Player DisplayAfterSeek should only be valid after a Player.Seeking event has taken place and that does not include FF RW


But thats just my take on it
Why do we need to be able to distinguish the above cases?

Most skins would then just OR them all together in the dialogseekbar anyway, right?
well real work confluence example

Player seeking would just show the seekbar

Player.Forwarding, Player.Rewinding and all their little addons are used for the x2 x4 graphics that move left and right depending on what you are doing

Player DisplayAfterSeek is just for that to display something after we have finished seeking in this case to show the offset values in dialog seekbar but could easily be used to pop up something else separate on the screen

And if you mean why separate out Player.Forwarding, Player.Rewinding its a hell of a lot nicer than a bunch of string compares to get the same effect
We're I think on the same page here, just coming at it from different angles.
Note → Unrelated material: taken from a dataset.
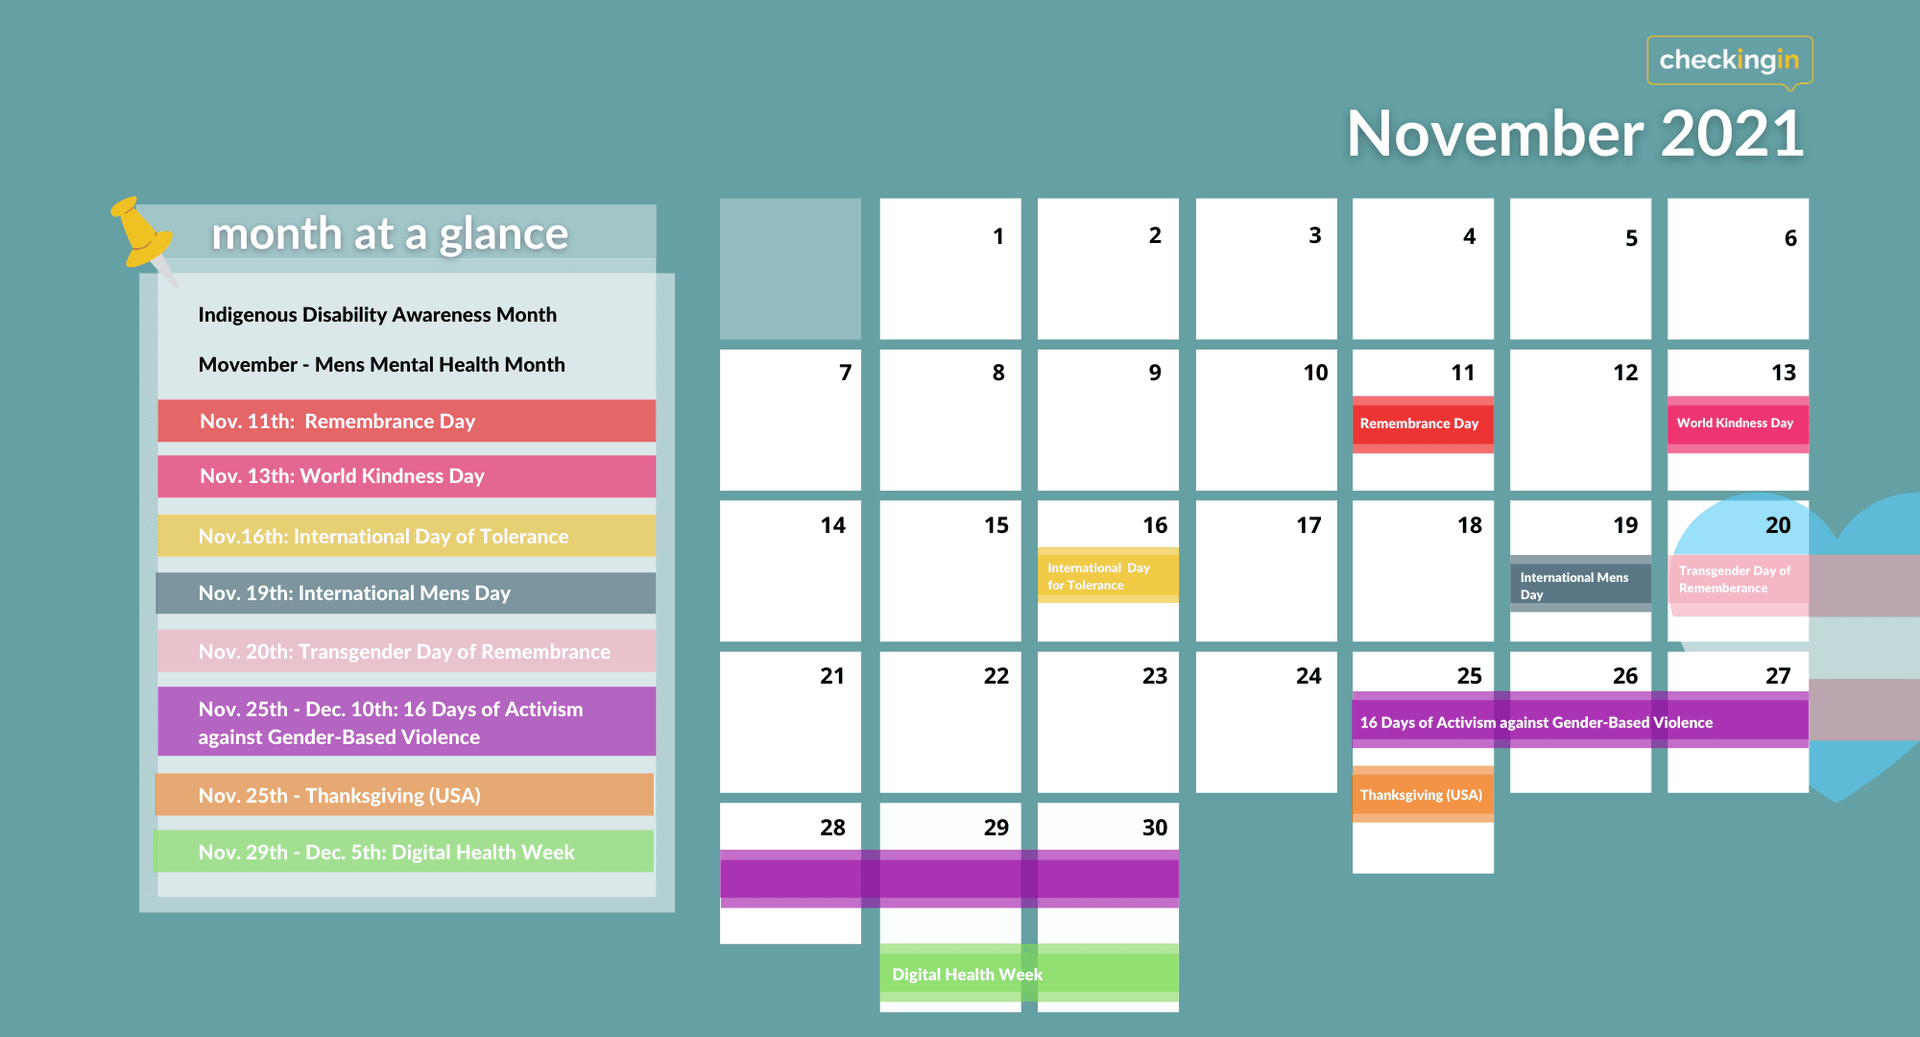 November 2021 Employee Engagement Calendar

Player.Seeking I was going to use for any event that specifies that the time bar should be shown. i.e. it would be a combination of Player.DisplayAfterSeek, Player.Forwarding, Player.Rewinding, (the current) Player.Seeking, and Player.SeekBar. After all, you hardly want to not show the bar when ffwd/rewd'ing, so this was to make it easier.
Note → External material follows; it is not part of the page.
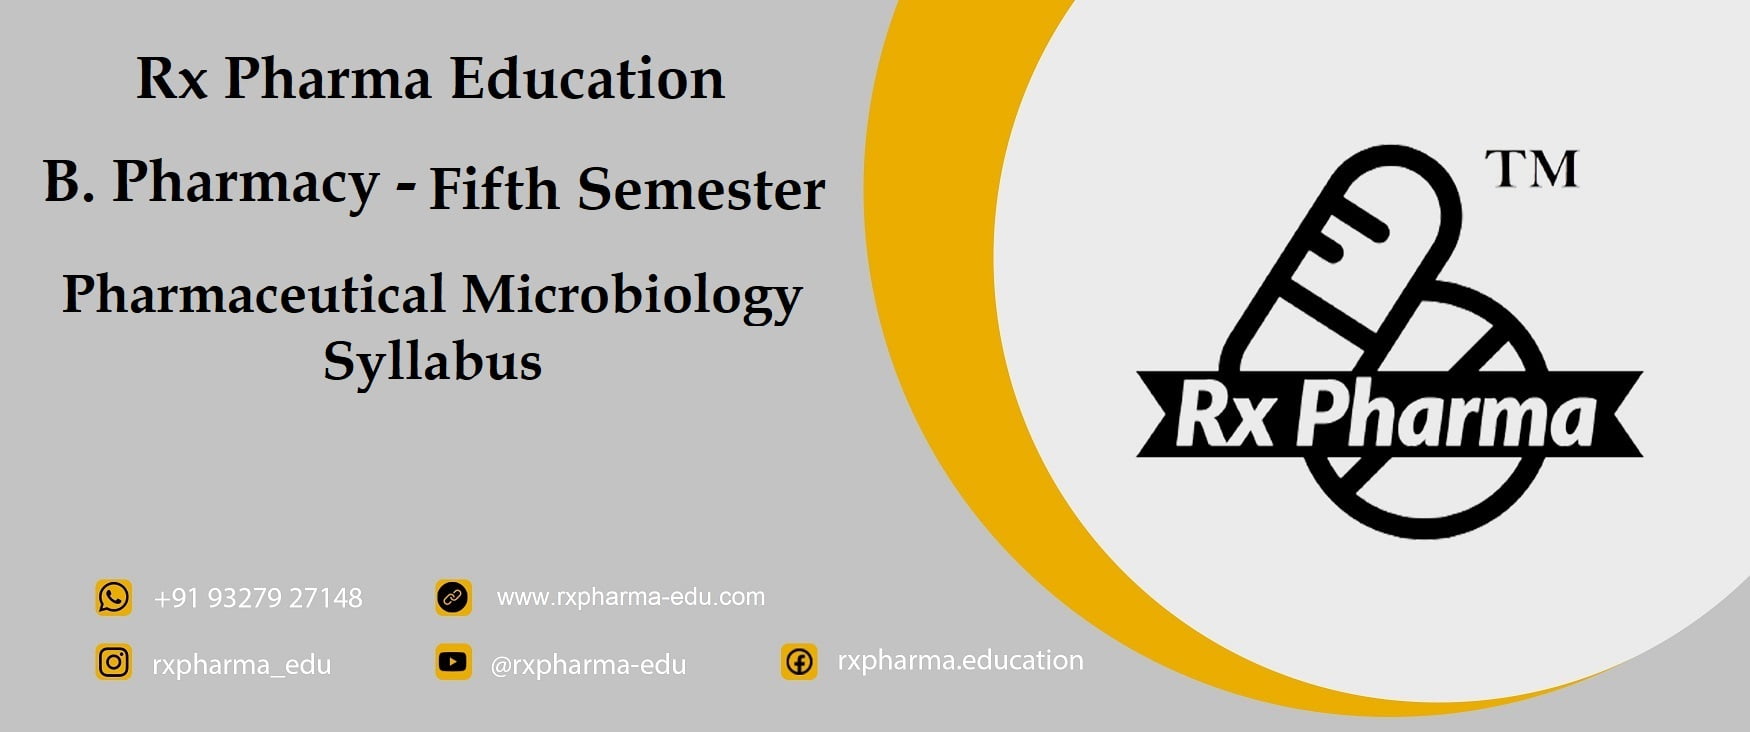 Pharmaceutical Microbiology Syllabus Banner

There's really 4 types of seeks
1. Jump seeks.
2. Chapter seeks, or bookmark seeks (a special type of jump seek).
3. RRwd/FFwd.
4. Analog seeking.

Player.Seeking would be true in all of them. In addition, Player.Forwarding/Rewinding would be true in case 3, and Player.SeekOffset would be true in case 1.

Case 2 and 4 don't really need anything else - they're taken care of by the seek bar anyway.

As for the idea of extending Player.Forwarding to a label, it was so you could do <texture>$INFO[Player.Forwarding,OSD,x.png]</texture>.

Cheers,
Jonathan
Sounds good to me, thanks.
I just don't think FF and RW should also be classed as seek what do you think Hitcher ? to me the seeking is the ones that make it jump
Don't know really, seeking is 'searching for' and FF/RW do fall into that category.
I can preclude FFwd and RRwd if you really want to add the conditions everywhere yourself. I'm just trying to make it easier on skinners in general by having a single boolean that they can use to popup the seekbar.
yeah but as a rule I find generalizing things takes away from the flexibility as well so its a compromise either way
Righto, will && !Player.Forwarding && !Player.Rewinding in the code.

Cheers,
Jonathan
Ok, I've fixed the problem in r31507 without changing anything as yet.

Ideally we'd do a cleanup, but I'm not sure I have time prior to Dharma, so it will have to wait until after.